I’m not saying this is an issue on every farm, and these concerns are hardly new. The latest came from the group looking at the series of fishkills in Barclay’s Brook in West Prince:
“The Action Committee found that soil in some land
backing onto the Barclay Brook has low
organic matter levels as a result of intensive farm
management practices leading to a greater
likelihood of soil erosion and increased surface
runoff. The Action Committee understands
similar circumstances probably occur at locations
throughout the province making watercourses more
vulnerable to contaminated surface runoff.”

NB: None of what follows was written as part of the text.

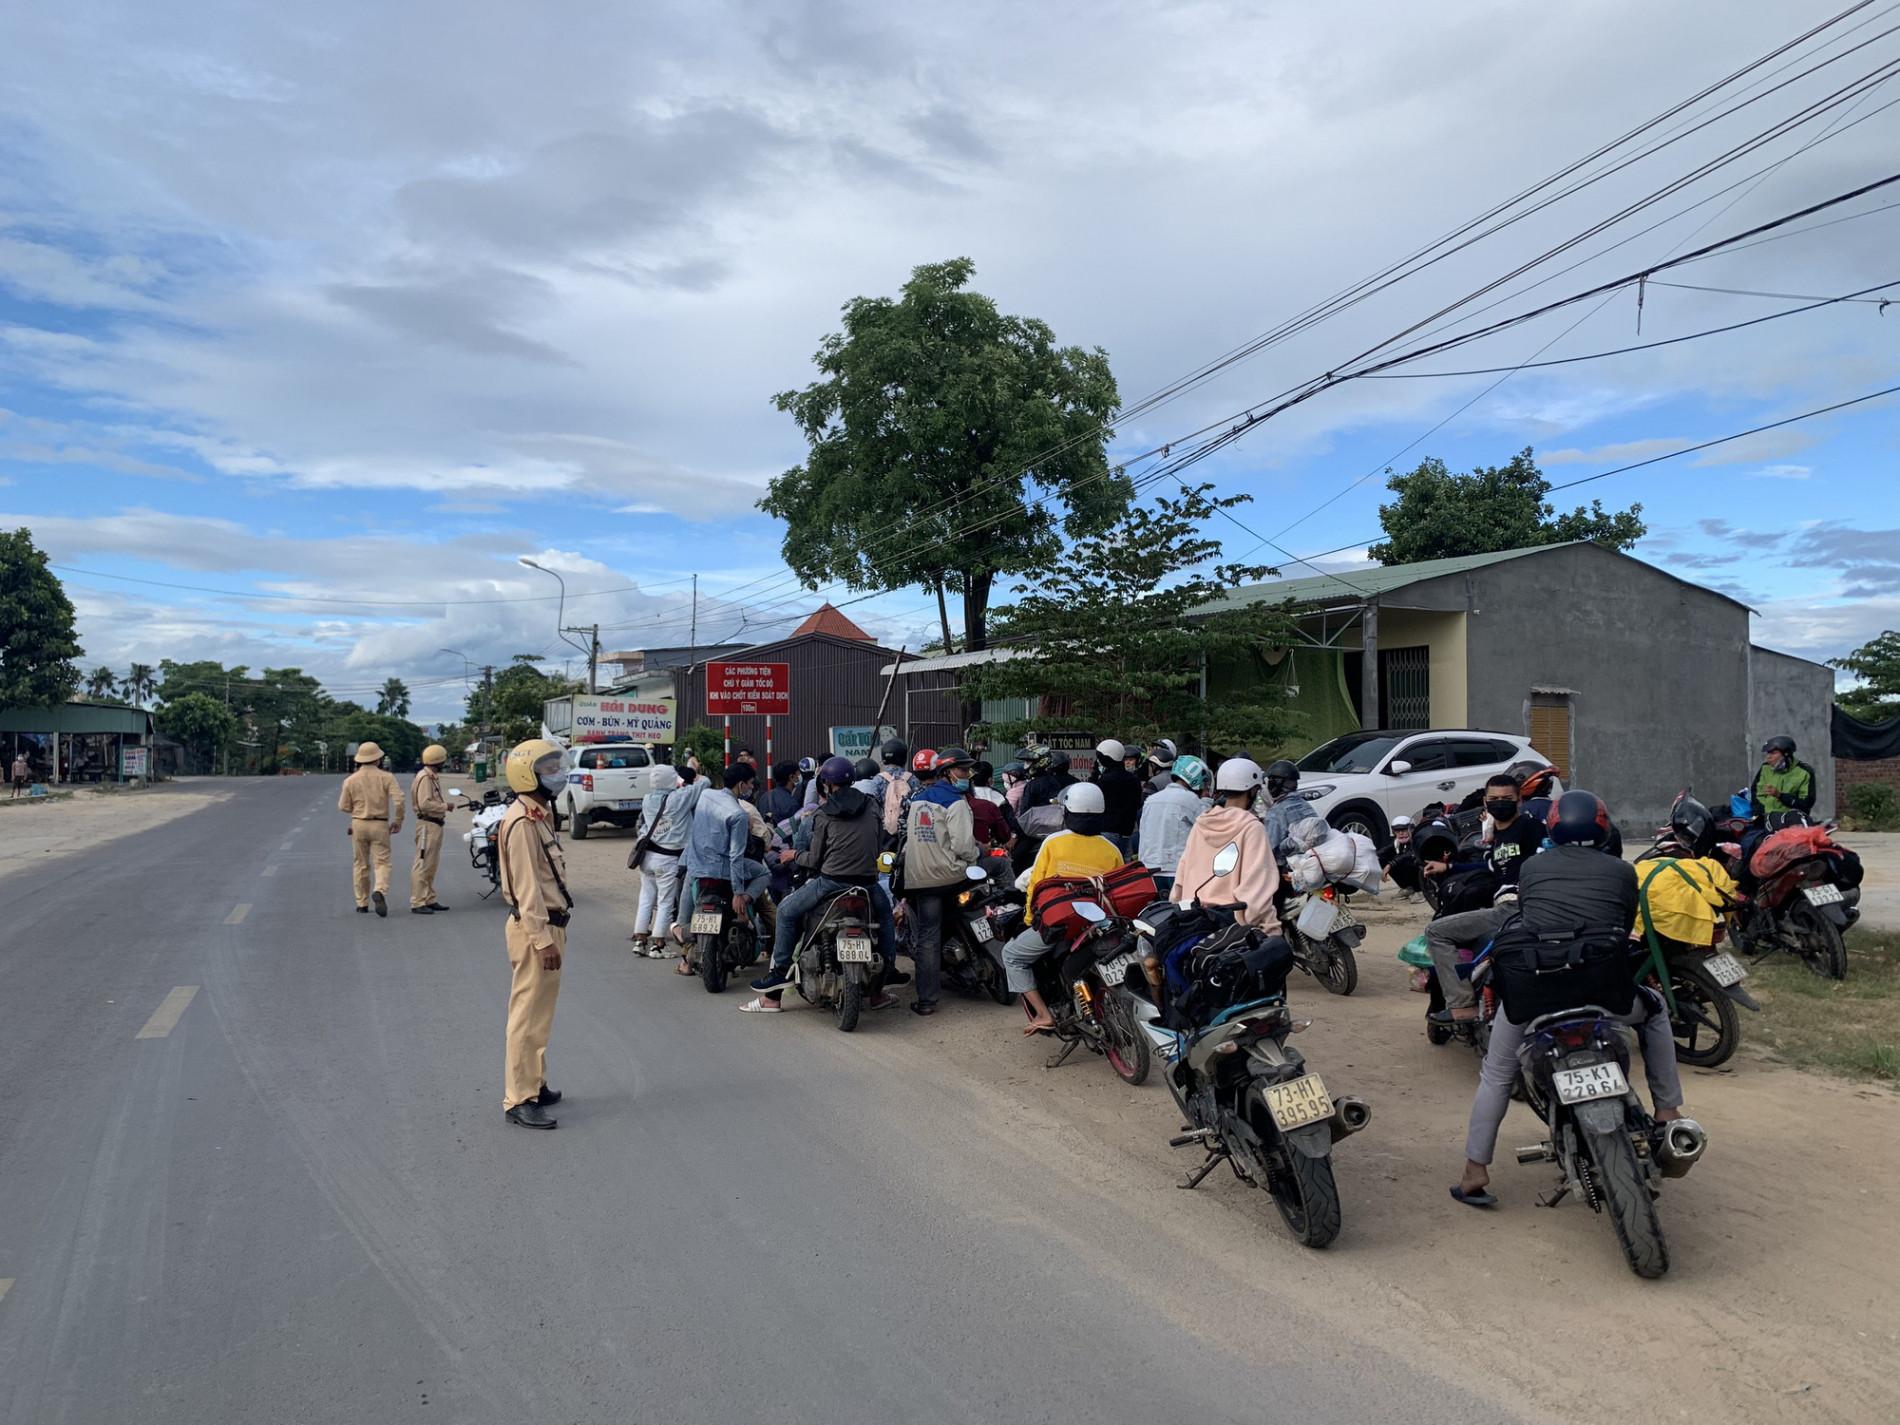 CSGT Đà Nẵng tiếp tục hộ tống hàng trăm người từ TP. Hồ Chí Minh về quê bằng xe máy - Ảnh 3.

I really wish wireworm wasn’t the reason for farmers to think again about the proper use of crop rotations. Unfortunately wireworm is particularly fond of grass which should be an important part of rebuilding soil organic levels,  but mustard and buckwheat are both good sources of organic matter too.  All of this requires more research, some regulatory backbone to enforce crop rotation rules (including common sense and flexibility, increasing organic matter should be the yardstick), and big buyers like Cavendish Farms not counting  on rotation crops to keep farmers solvent. They’re needed  to rebuild soil quality, not backstop cheap potatoes.





Fessing Up


I have to confess to having a bad attitude towards corn, not the sweet stuff we get to enjoy for a couple of monthes in the summer, but the grain corn grown for livestock feed and increasingly for dozens of industrial uses like ethanol. It started in the 1970’s when I’d done some reporting on atrazine, a herbicide widely used with corn at the time,  one of those endocrine disrupters that’s become the most persistent contaminant in rural well water in the United States.  Atrazine was banned in Europe a decade ago.  Corn is also linked to the huge change in U.S. farm policy in the 1970’s that shifted the government’s role of maintaining stable commodity prices by buying up surpluses, and releasing holdings during shortages, to subsidizing production of certain commodities like corn and soybeans, and Earl Butz’s famous order to U.S. farmers to “plant fence post to fence post.”  All of this had a huge impact on Maritime livestock producers who couldn’t produce feedgrains as cheaply as the U.S. mid-west, and Western Canada.  More recently my attitude towards corn got worse when it became the base commodity to produce ethanol.  Corn is a starch that has to be “cooked” first to produce the sugars that can be distilled into alcohol, so it’s greenhouse gas advantage is negligible. Sugar beets, sugar cane, etc are better candidates to do this.  I then let my corn bias show in the last column when I presented it as a poor rotation crop for farmers. I’m here to acknowledge it doesn’t have to be.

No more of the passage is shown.